Тот взглянул удивленно — и флаги командир знает! Потянулся за тушью.
— Рот закрой, чайка влетит. Я Свод раньше азбуки затвердил. Тебе-то он вряд ли понадобится, но если придется, так запомнишь. Это, как говорится, не анатомия.
Как ни спокойно было на фронте, но война оставалась войной, и ночные смены были всегда тяжелее дневных: тяжелых раненых обычно привозили заполночь, в темноте безопаснее было ходить машинам.
На дежурстве в первую очередь смотришь на травму, потом уже на человека.
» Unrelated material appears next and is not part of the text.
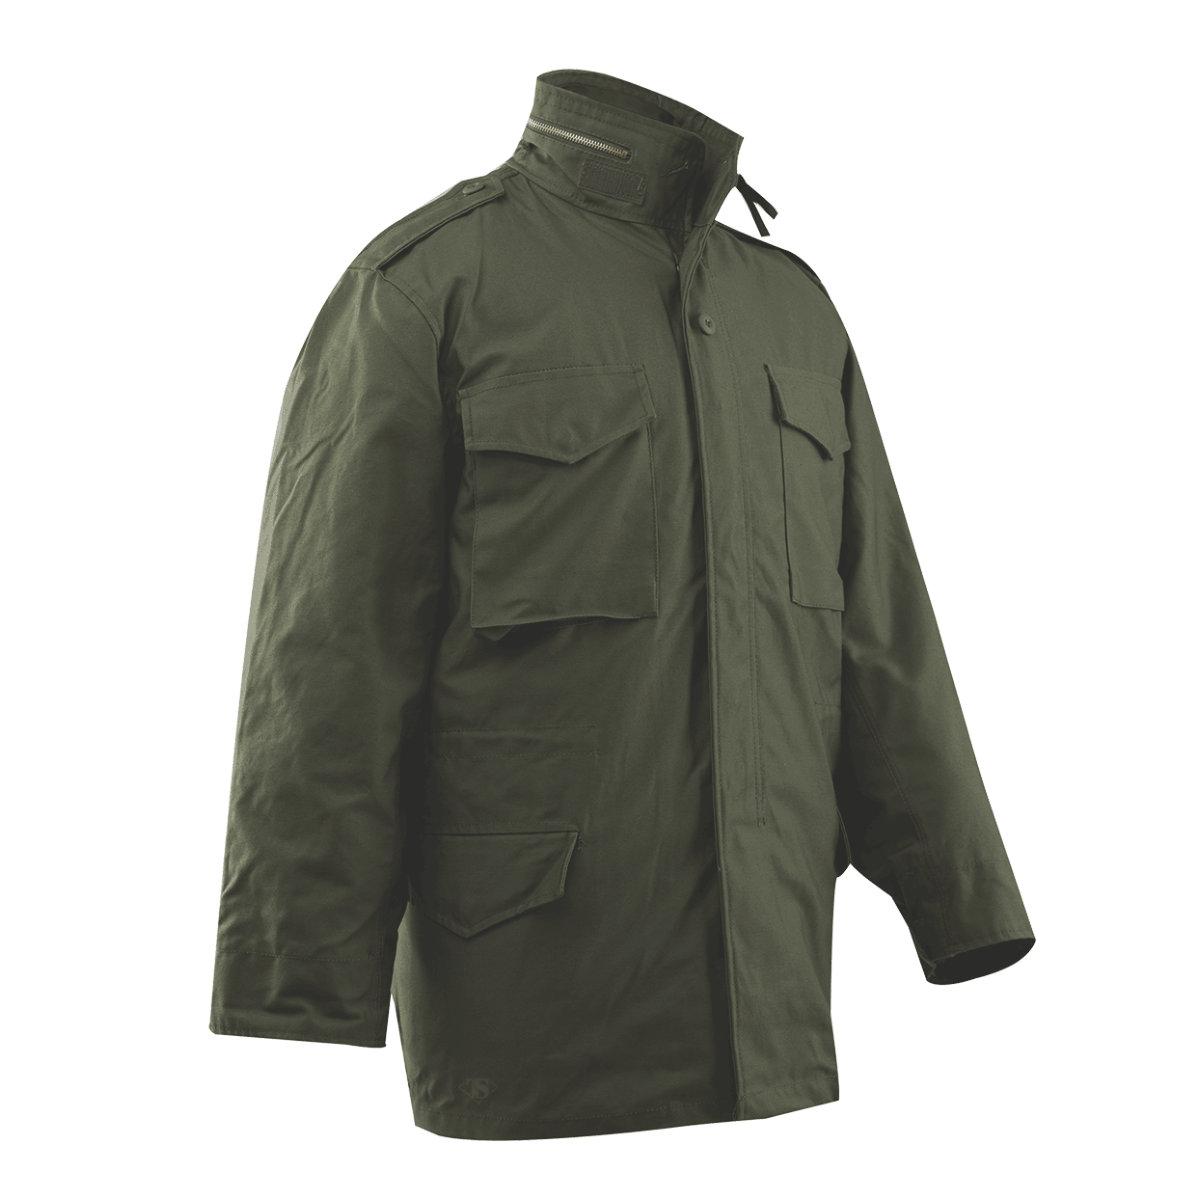 Tru-Spec M-65 Field Coat/Jacket with Liner | eBay

Так что первым было все-таки "огнестрельный перелом правого плеча" да пометка в карточке передового района почерком Астахова “обезболивание только местное (!) morph. contraindicated (!)[1]”, а уже потом осознание, что лицо раненого, строгое, с тяжелыми веками и чуть опущенными уголками глаз, хорошо знакомо еще с Перекопа и Ишуни. Тогда, в Золотой Балке, обронил еще, не говорите мол, "до свидания", товарищ комиссар, известно, как мы можем на фронте встретиться. А вот, встретились.
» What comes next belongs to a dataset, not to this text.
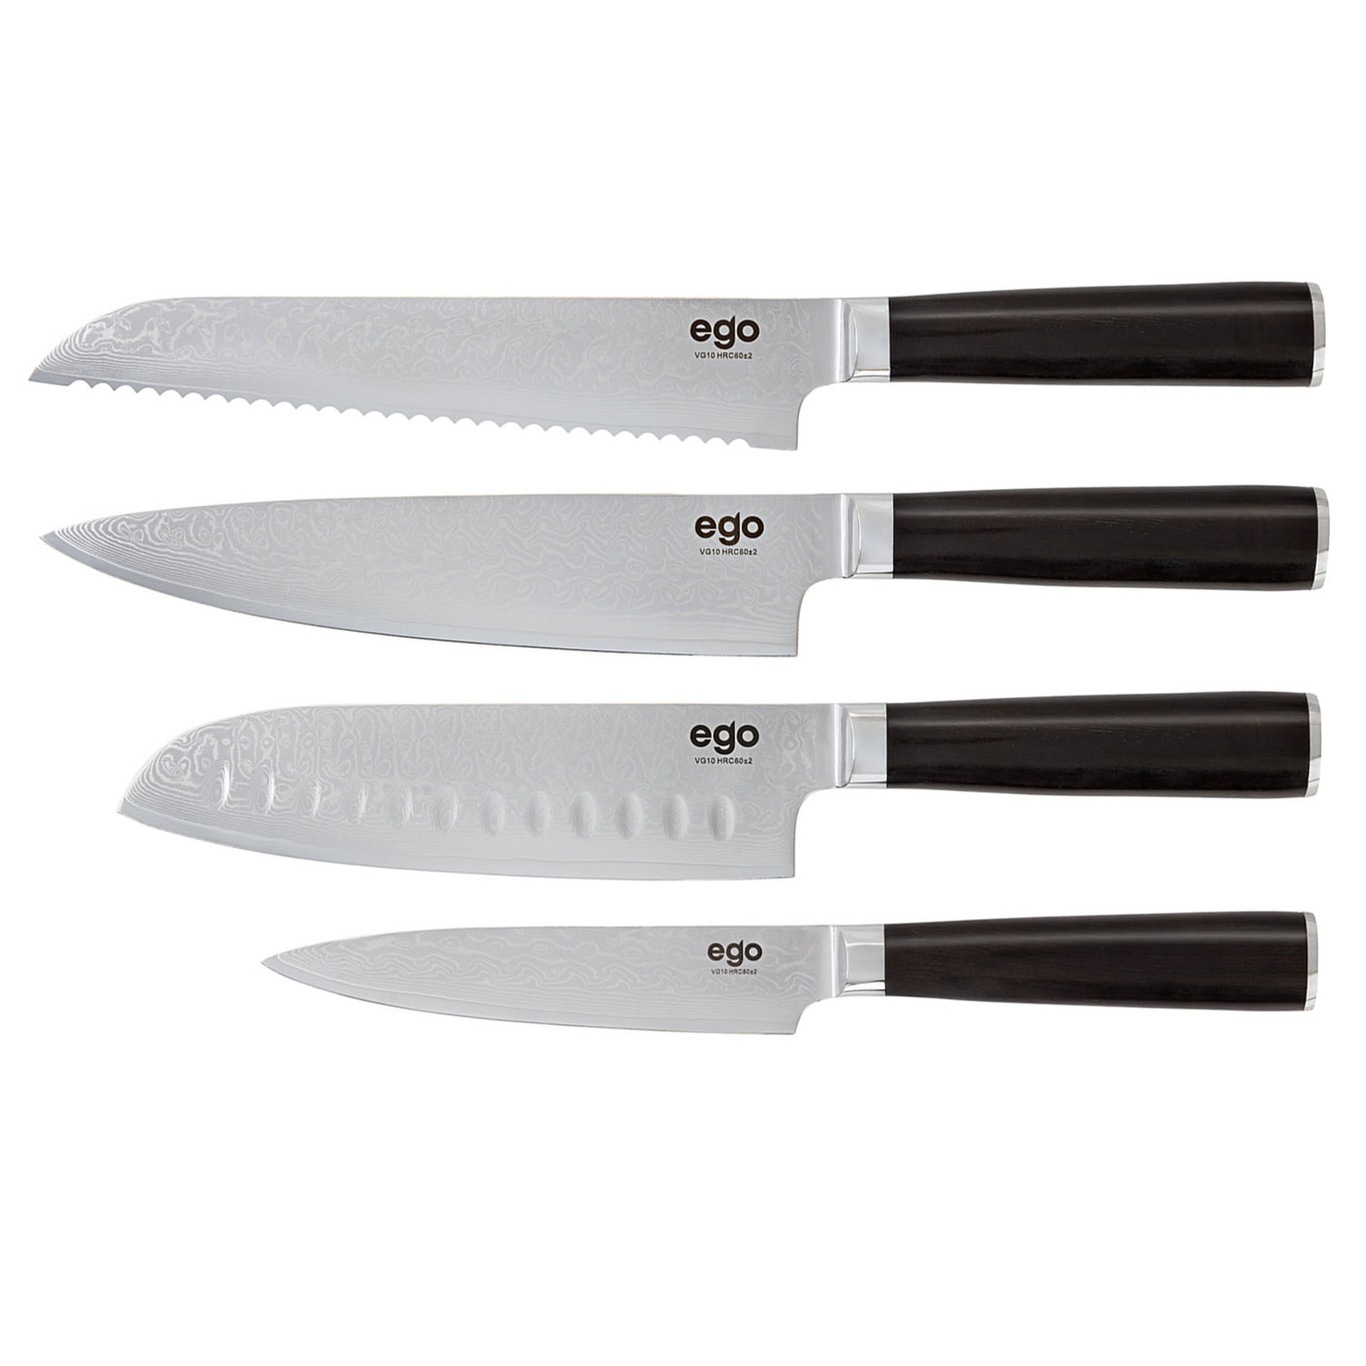 VG-10 Knife set 4 Parts

За те месяцы, что прошли с ноябрьского отступления по разбитой дороге, Гервер резко переменился. Огнев помнил, что комиссар его моложе лет на пять, он как принято говорить "ровесник века", девятисотого года. А сейчас выглядел он старше, причем на добрый десяток лет. Прежним только голос остался и общий настрой. Ровное, нерушимое спокойствие..
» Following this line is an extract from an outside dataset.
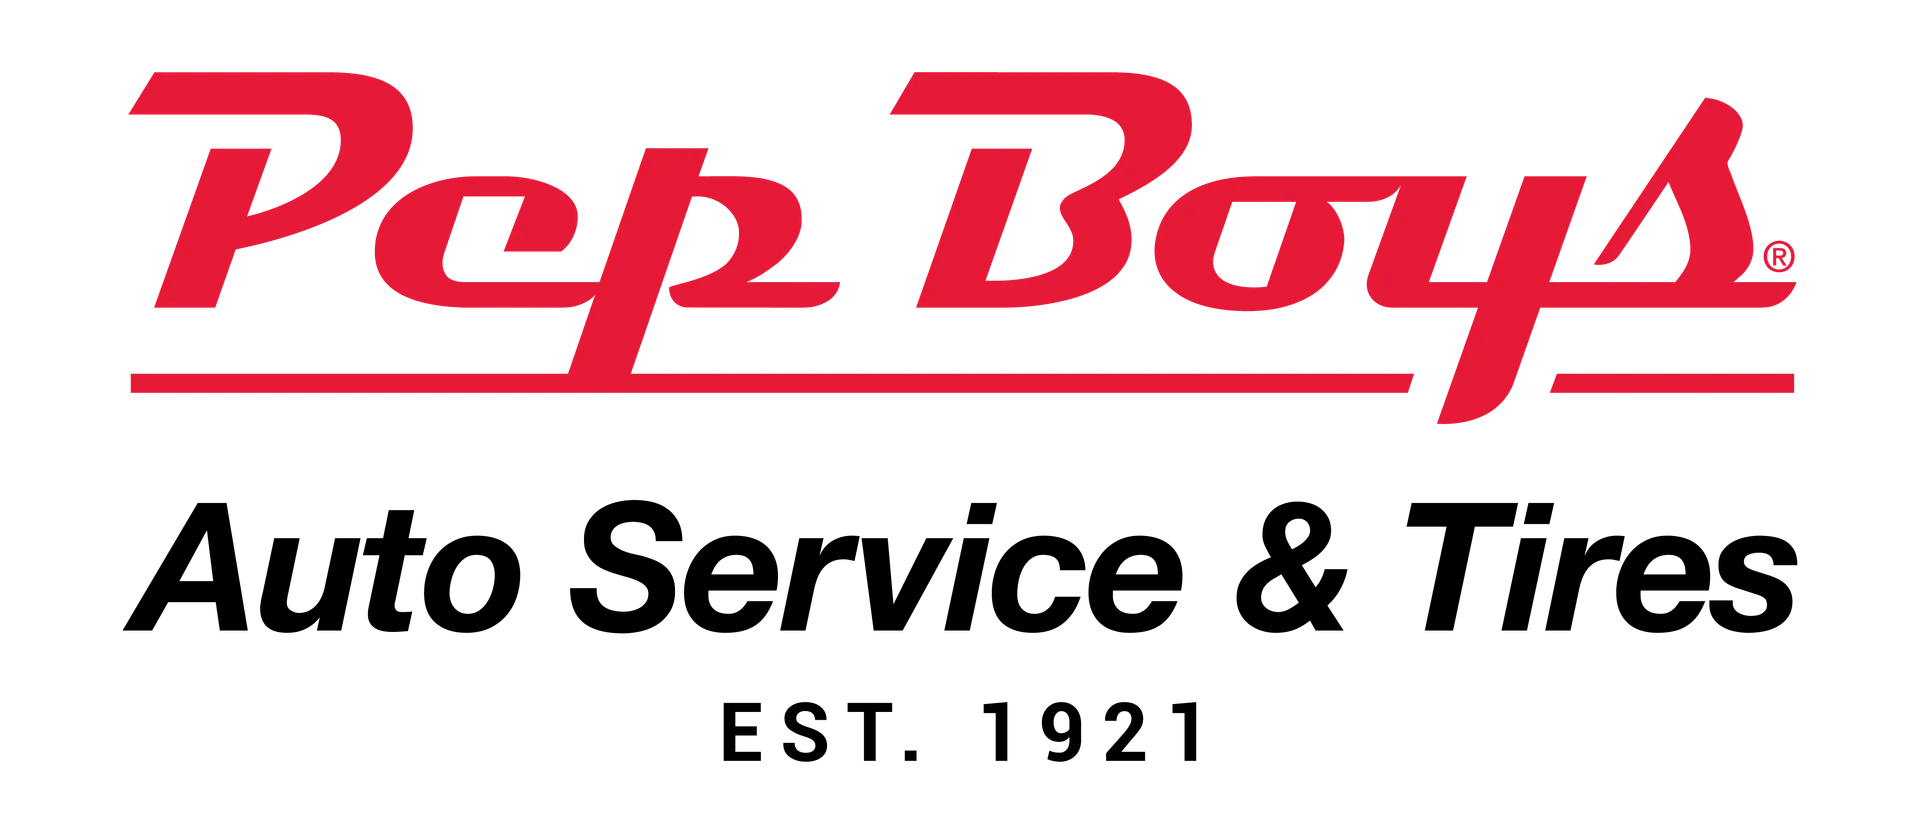 PEP BOYS logo de catálogo

— Очень рад видеть вас, товарищ Огнев. Жаль, что встретились в такой обстановке. Но другой пока не предвидится, — говорит без улыбки, но ясно, что искренне, он действительно рад встрече. Только по зрачкам да по пульсу можно понять, что больно ему. Хотя шину хорошо приладили.
В самом низу карточки, тем же размашистым астаховским почерком: "Хроническая сердечная недостаточность (!)".
А это было уже новостью, очень неприятной, и как для врача — досадной. Ни на Перекопе, ни под Ишунью, словом нигде на фронте Огневу бы в голову не пришло, что комиссар — сердечник. Укрытия от бомб копал вместе со всеми. Лопата в его руках резала грунт как масло. Кувалдой махал, как заведенный. Носилки таскал наравне с дежурной сменой. Человек исключительной физической силы и выносливости. Разве что, когда спешно окапывались у реки за Воронцовкой, закралось подозрение, что Гервер аккуратно пытается скрыть одышку. Но только подозрение. После стало совершенно не до того.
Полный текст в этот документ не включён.